Bob Rader, executive director of the Connecticut Association of Boards of Education, said that if the state doesn’t have a budget by the time the kids go back to school, then the kids are the ones who are going to lose.
But what the state decides in the end could be worse than they are seeing at the moment.
“That’s the challenge,” Wallingford Superintendent Sal Menzo said. “That uncertainty.”
He said in Wallingford they do have a budget, but they are trying their hardest to keep the cuts out of the classroom. He said his colleagues in districts that will receive no state funding are concerned about the choices they will have to make.
Wallingford would receive a $19 million reduction in funding under the plan Malloy unveiled Friday.
Menzo said if the governor’s budget becomes reality then he would expect his town officials to come to them and say they need to make adjustments. Layoffs could be part of that.
Senate President Martin Looney, D-New Haven, said while they appreciate the governor’s desire to hold the neediest municipalities harmless, the “proposed cuts would have a devastating effect on many school districts across Connecticut.”
He said they’ve been working on a plan to spare school districts from the vast majority of these cuts.
House Speaker Joe Aresimowicz, D-Berlin, agreed.
He said they are continuing to work with superintendents, teachers, and school administrators to finalize a budget agreement “as quickly as possible to provide stability to our municipalities and school systems.”
Senate Republican President Len Fasano, R-North Haven, alleged that some of what Malloy is trying to do is “illegal” because there are changes that require legislative approval.
Fasano said legislative approval is required before reducing the excess cost sharing grant for special education and making the unilateral decision to withhold Municipal Revenue Sharing account funds.

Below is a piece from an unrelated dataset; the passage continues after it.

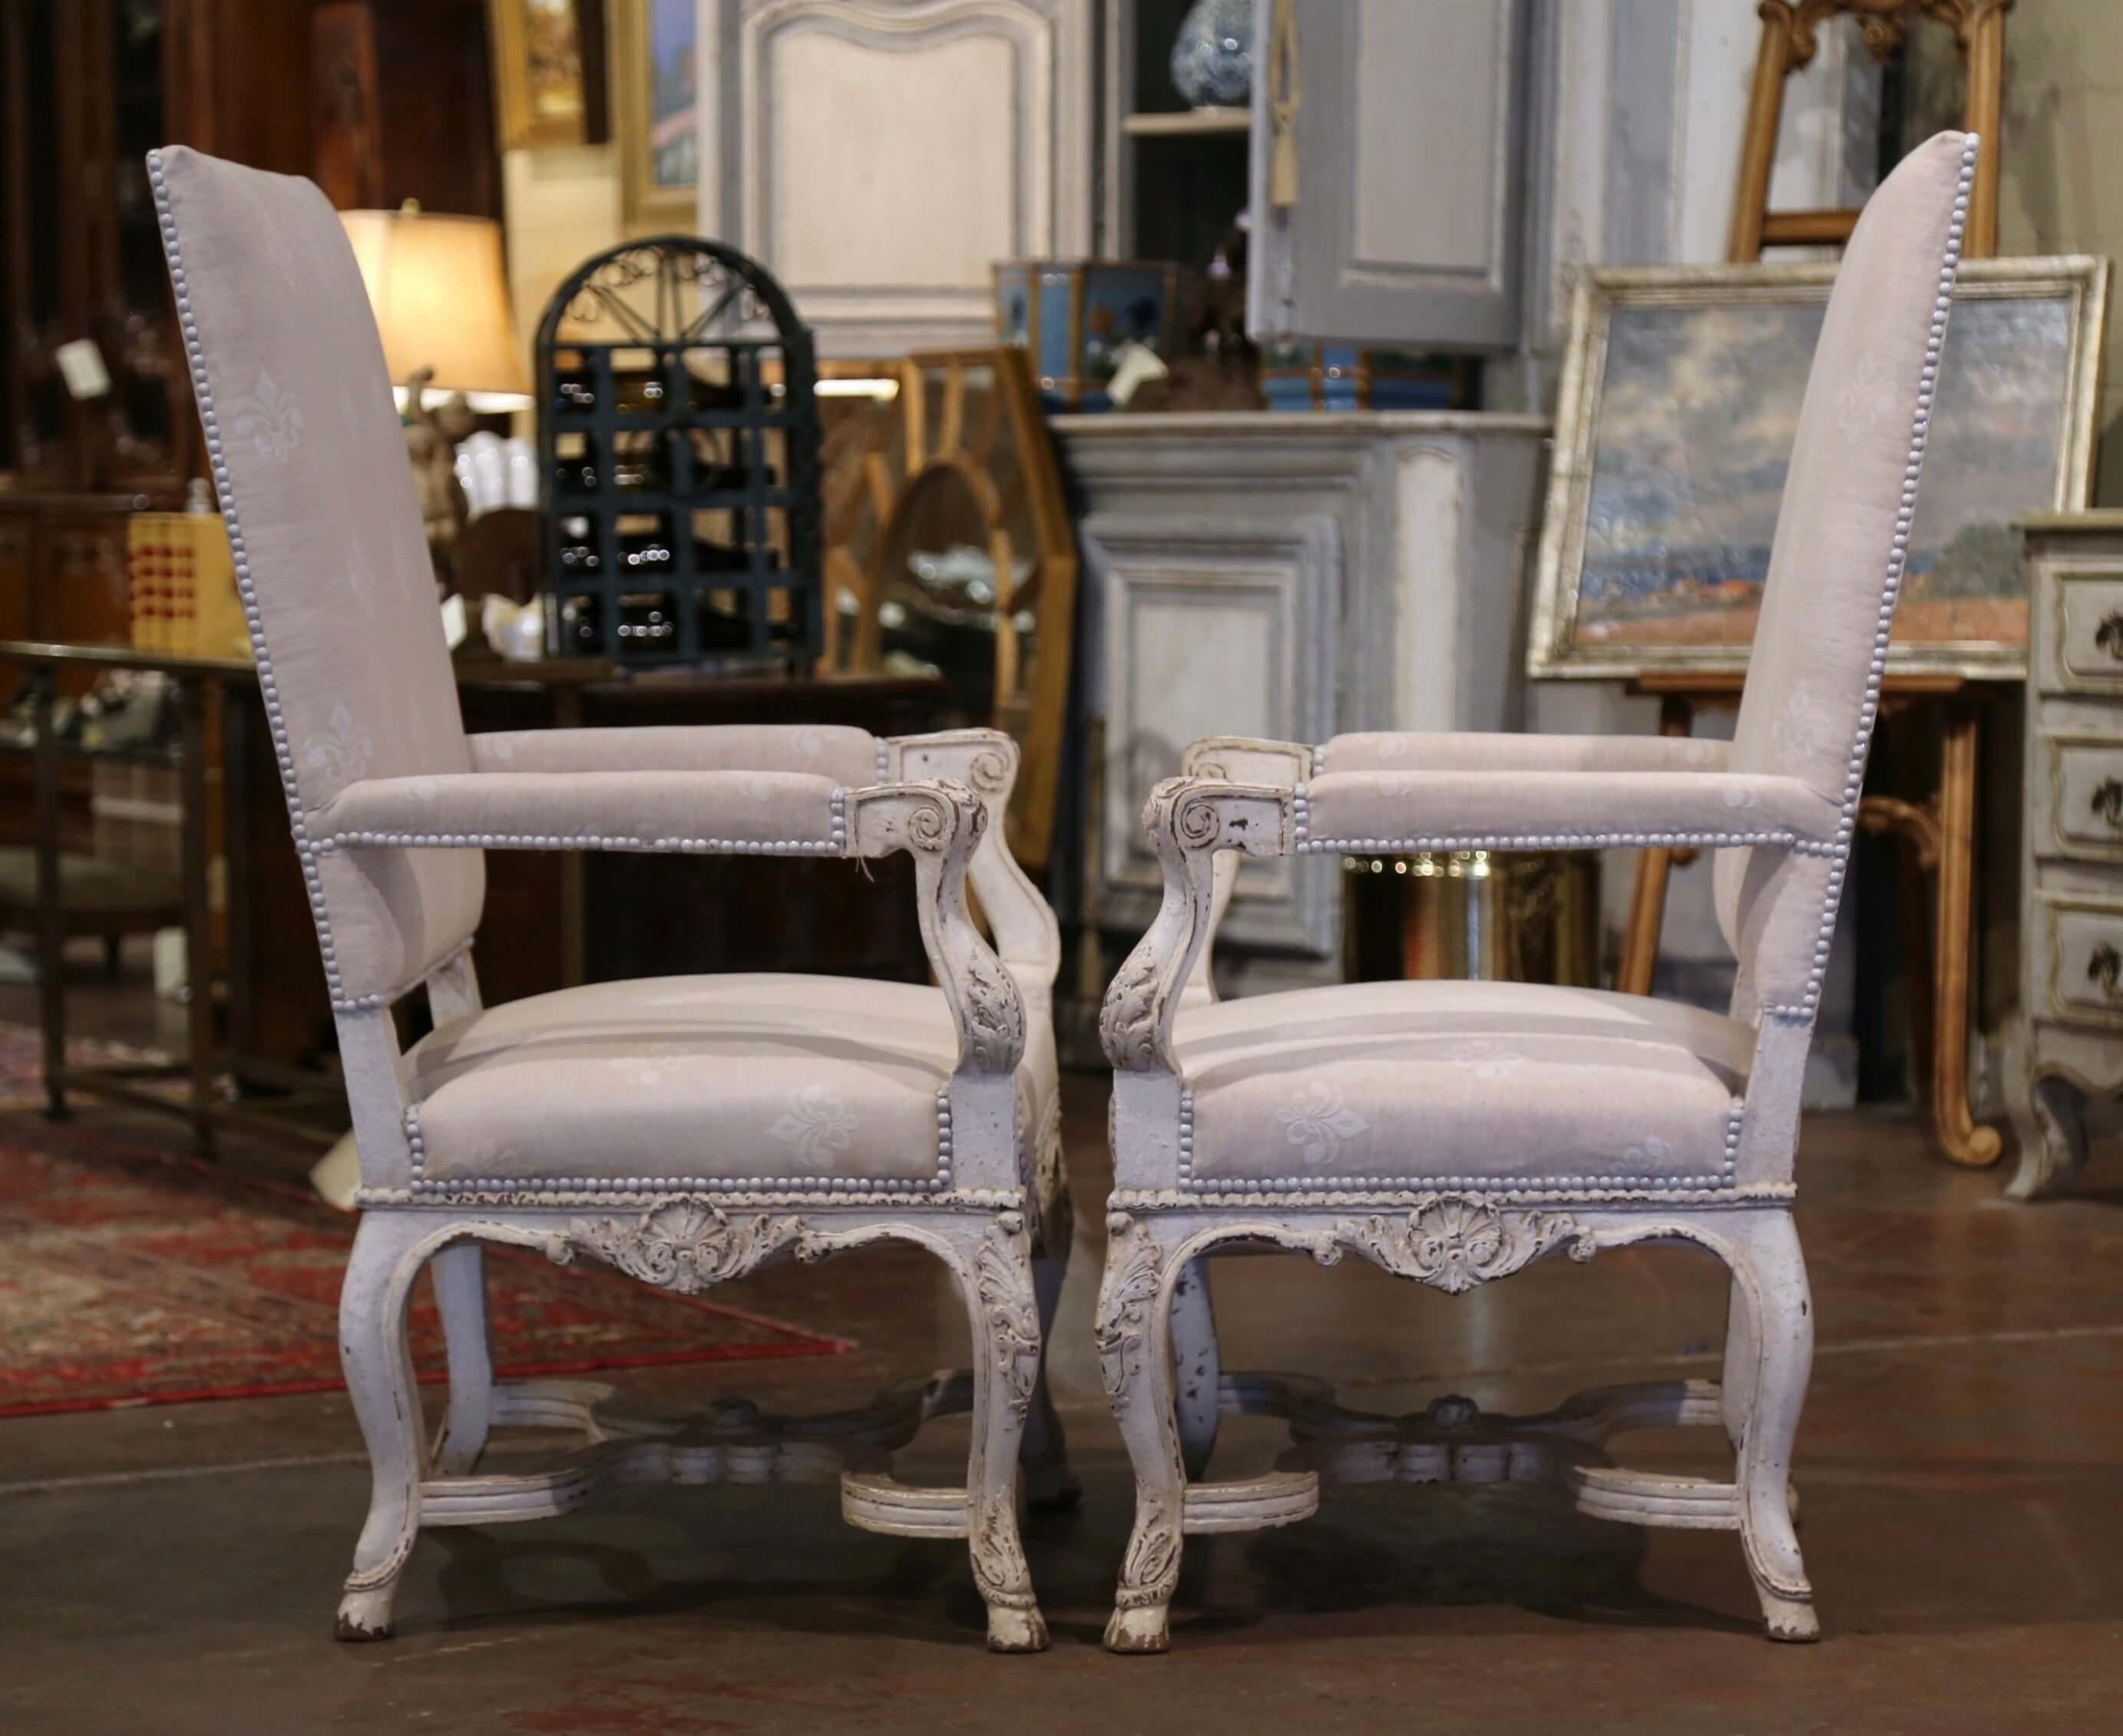 Pair of 19th Century Louis XIV Carved Painted Armchairs with Fleur-de-Lys Fabric For Sale 4

Fasano also said Malloy’s education distribution “exacerbates the very same education funding system deemed unconstitutional by the Connecticut Superior Court.”
“What the governor is doing, arbitrarily shifting funding to only a few school districts and stripping core funding that children across our state are relying on, is not what the judge ordered — nor is it in the best interest of our students,” Fasano added.
Malloy said if the General Assembly sends him a budget, then this plan won’t go into effect.
“This is reality,” Malloy said. “Reality is hard for some people.”
House Minority Leader Themis Klarides, R-Derby, said if Republicans were in charge of the General Assembly they would have adopted a budget by now.
“We share the Governor’s frustration at not having a budget 50 days into the current fiscal year, but unlike the Democrats, Republicans actually proposed numerous budgets,’’ Klarides said.
Democratic legislative leaders said they are working on getting to a budget agreement and expect to release a document next week.
The plan Malloy announced Friday also restores $40 million in funding for the private, nonprofit community.
The Connecticut Community Nonprofit Alliance thanked the governor for the funds, but warned that the step was temporary.
“While the restored funds will help buffer or delay some of the most devastating impacts of the budget stalemate, it is not a substitute for a biennial budget,” Gian Carl Casa, president & CEO of CT Community Nonprofit Alliance, said. “Nonprofit funding remains $150 million below FY17 levels, putting thousands of programs in jeopardy. Connecticut’s residents are in this together and we all need a budget that fully addresses the state’s budgetary needs including human services and education.”